WHAT YOU HAVE TO DO » Set down the data below word for word, and leave the images aside.

INFORMATION PROVIDED »

BEGIN

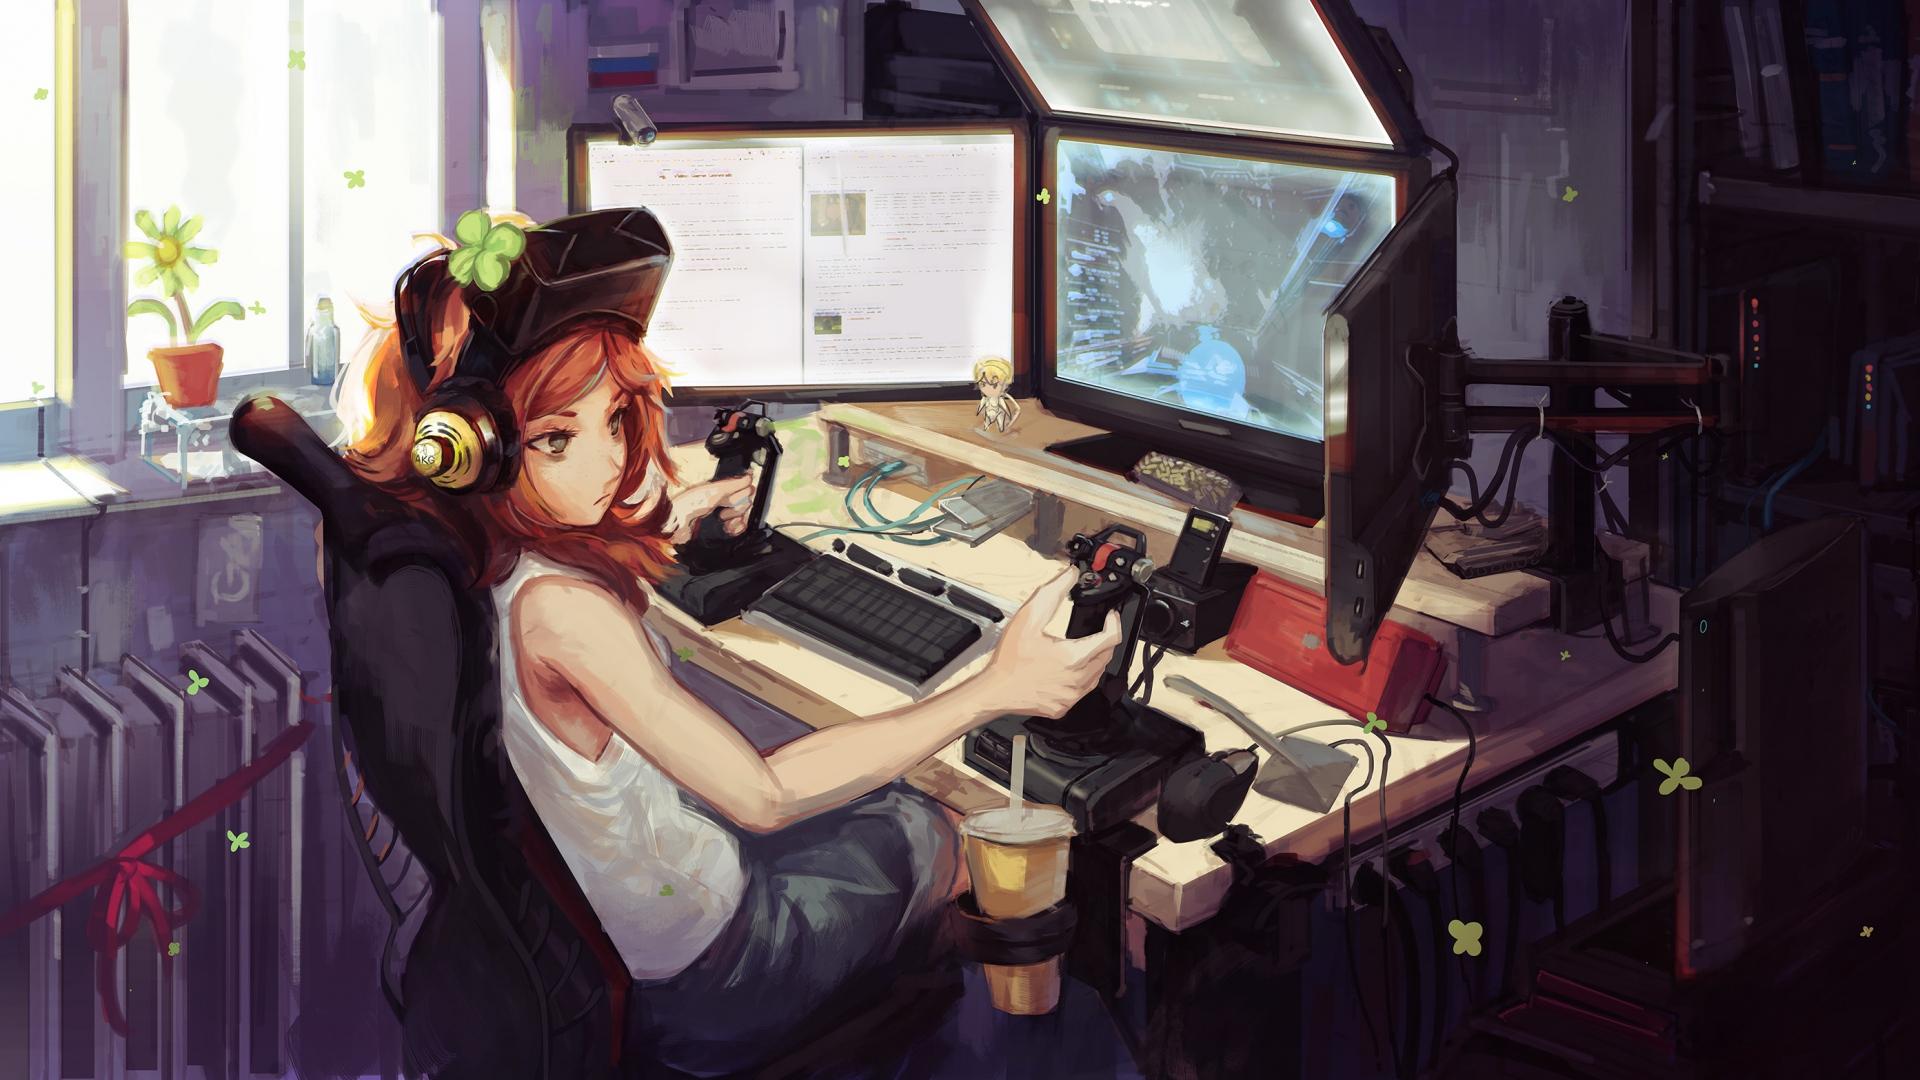 Gamer hd wallpapers pixelstalk net
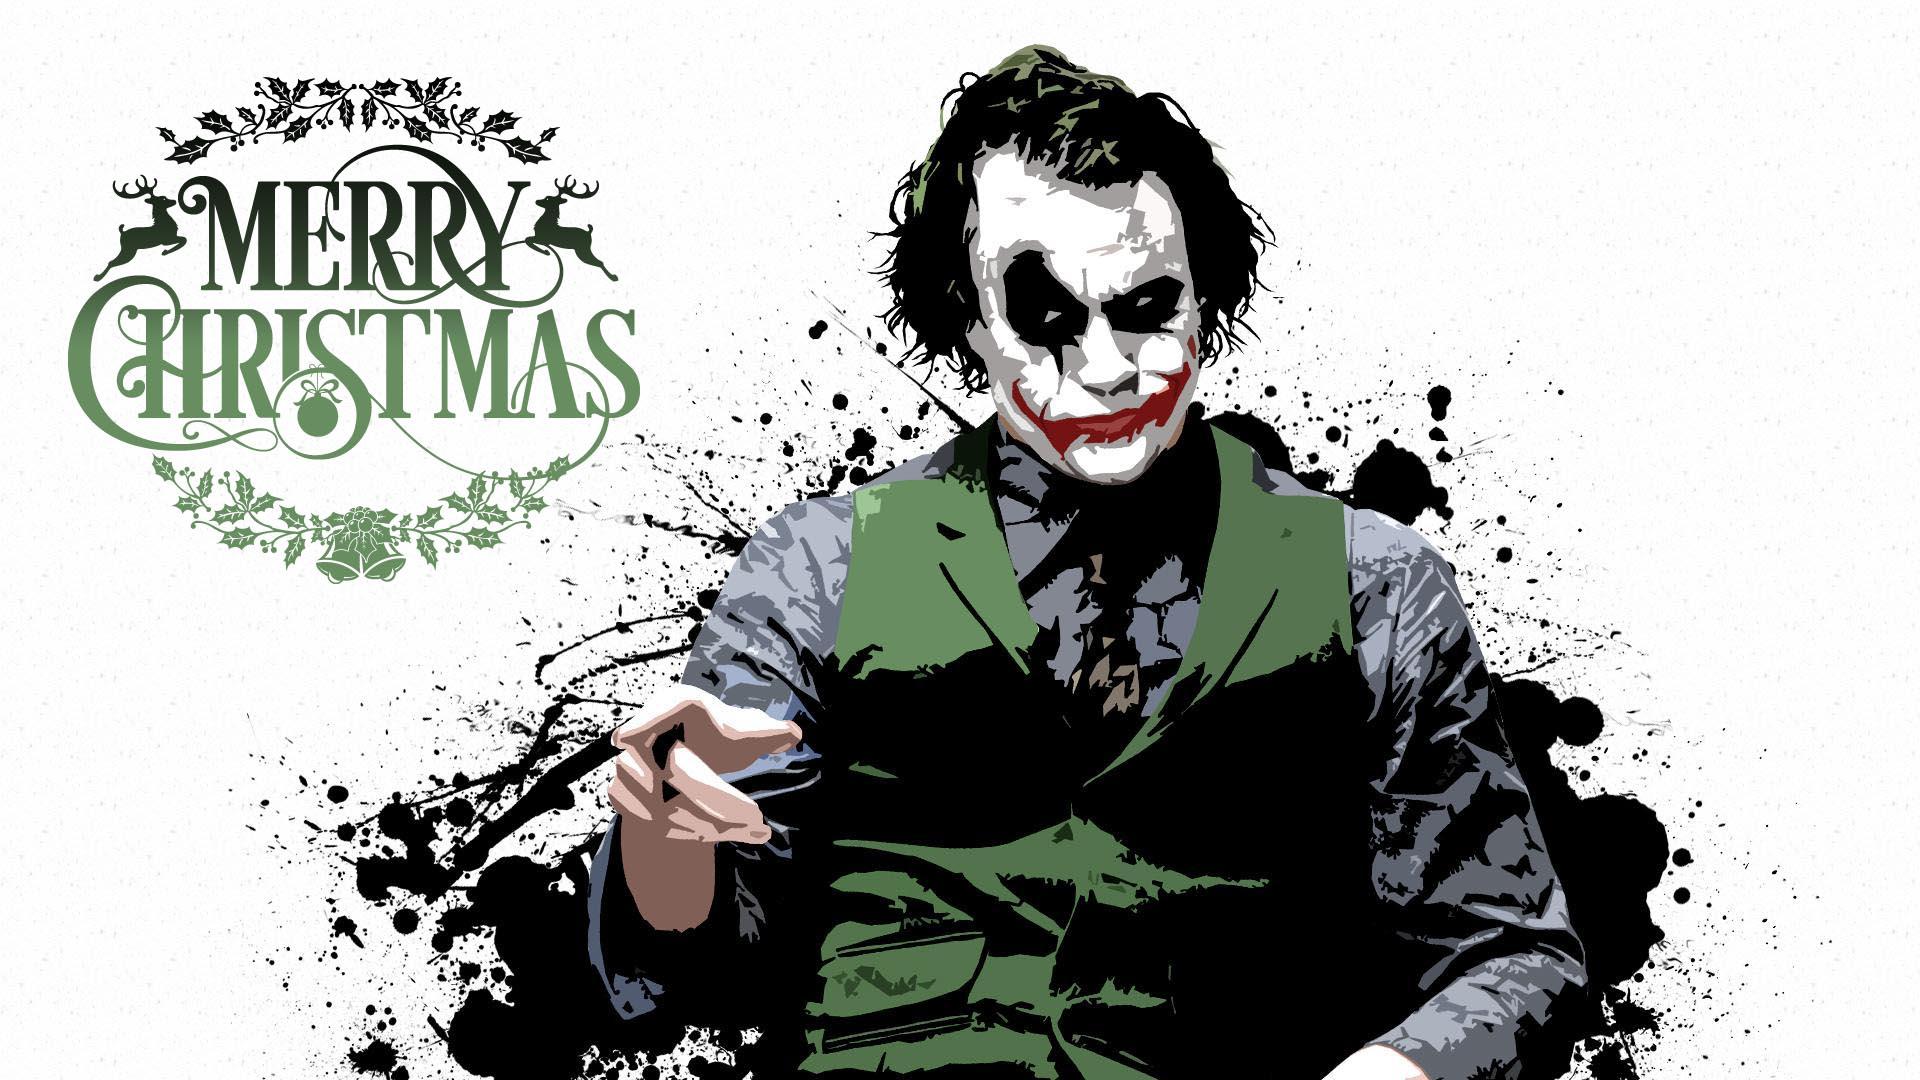 happy merry christmas wishes greetings joker hd desktop wallpaper
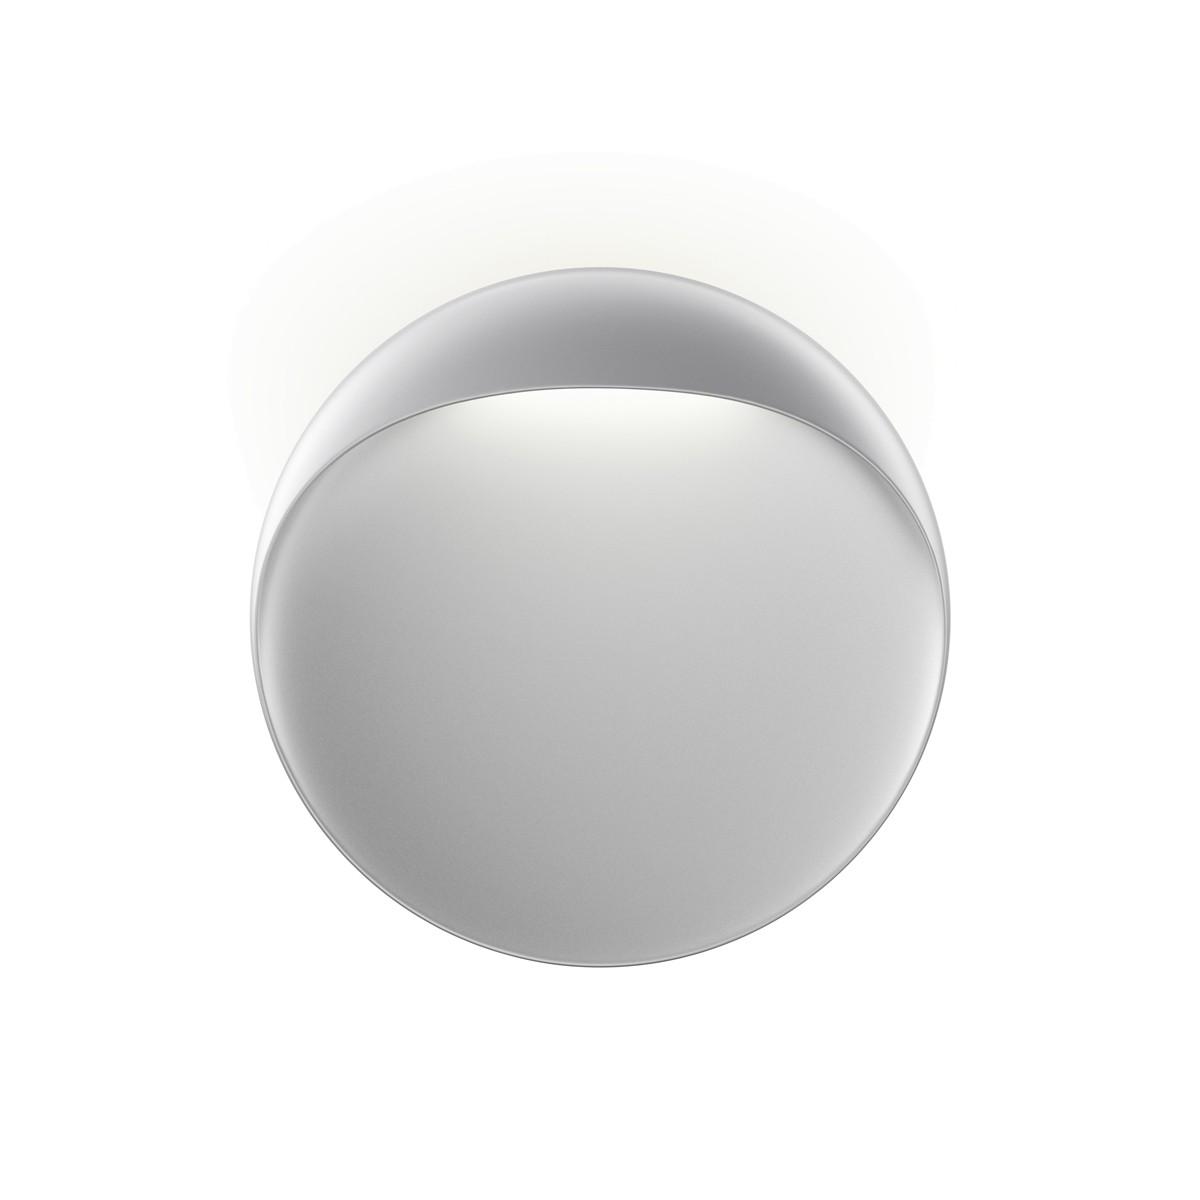 Louis Poulsen Flindt LED Wandleuchte, Ø: 30 cm, 2700 K, aluminiumfarben

END

RESPONSE FOR THIS EXERCISE »
 Gamer hd wallpapers pixelstalk net
 happy merry christmas wishes greetings joker hd desktop wallpaper
 Louis Poulsen Flindt LED Wandleuchte, Ø: 30 cm, 2700 K, aluminiumfarben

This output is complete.